Mais je fais aussi référence aux expériences menées par Florence Quartier à Genève (Un avenir pour la vieillesse, Doin, éd.) sur la relation thérapeutique qui peut s’installer entre des « déments séniles » et des soignants apparemment mal préparés.
D’ailleurs, on se rend compte que dans la vulgate psychanalytique, dans laquelle les expériences infantiles, précoces (ou souvent couvertes par ce que l’on appelle l’amnésie infantile) sont plus immédiatement accessibles aux personnes âgées.

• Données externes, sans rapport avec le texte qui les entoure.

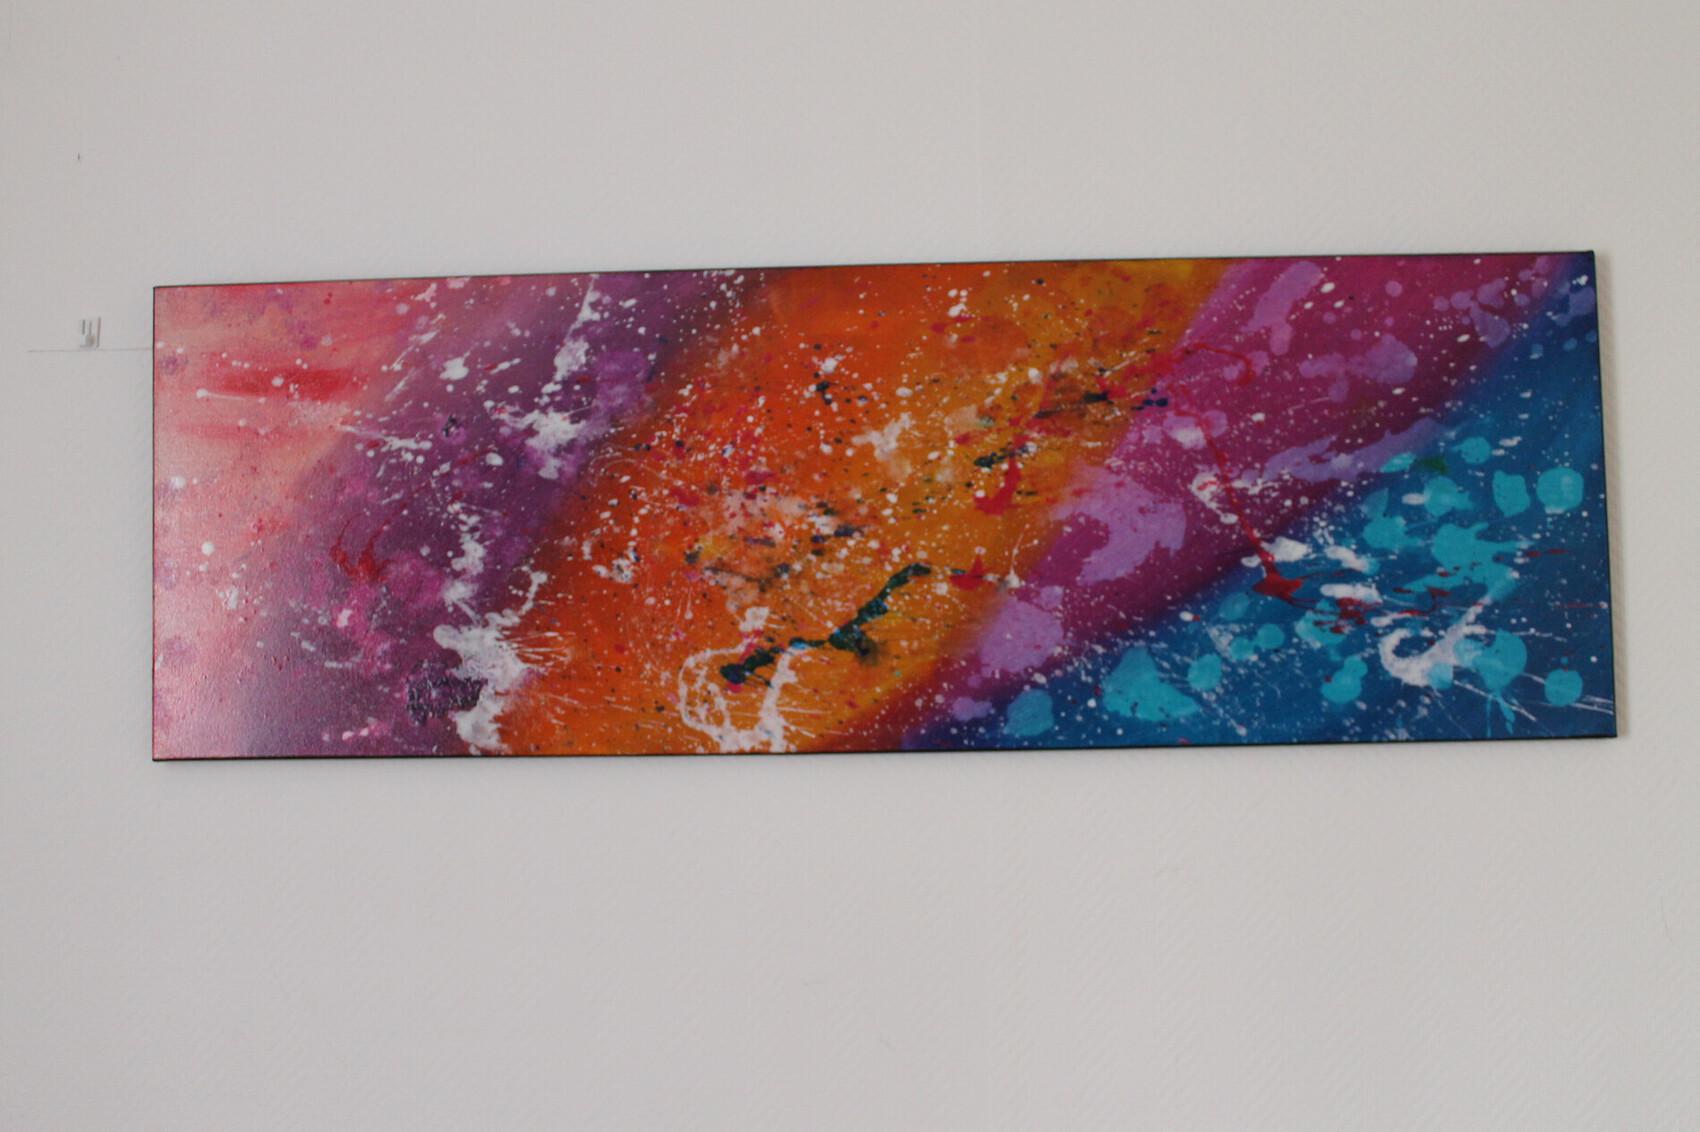 peinture moderne à la peinture acrylique pour la décoration, peinture d'art contemporain sur toile

C’est d’ailleurs peut-être, un des paramètres, de ce que l’on appelle leur labilité émotionnelle, car ces expériences infantiles sont très chargées, surchargées d’affects.
Bref, ce pour quoi je plaide, c’est pour une véritable refondation de la clinique psychiatrique, médicale des personnes âgées (un peu comme le travail qui a été fait, en psychiatrie, par les psychiatres d’enfants il y a quelques décennies), en liaison avec les efforts de classification moderne (voir La médecine de la personne, Doin Arnette, qui vient de paraître). Je plaide pour une clinique respectueuse de la personne concernée, ce qui implique un travail sur soi même, sur l’observateur et le classificateur.
C’est la chance de la gériatrie que d’être à ce point la proie de fantasmes collectifs qu’elle puisse, par retour devenir un exemple ou un modèle pour l’ensemble de la médecine.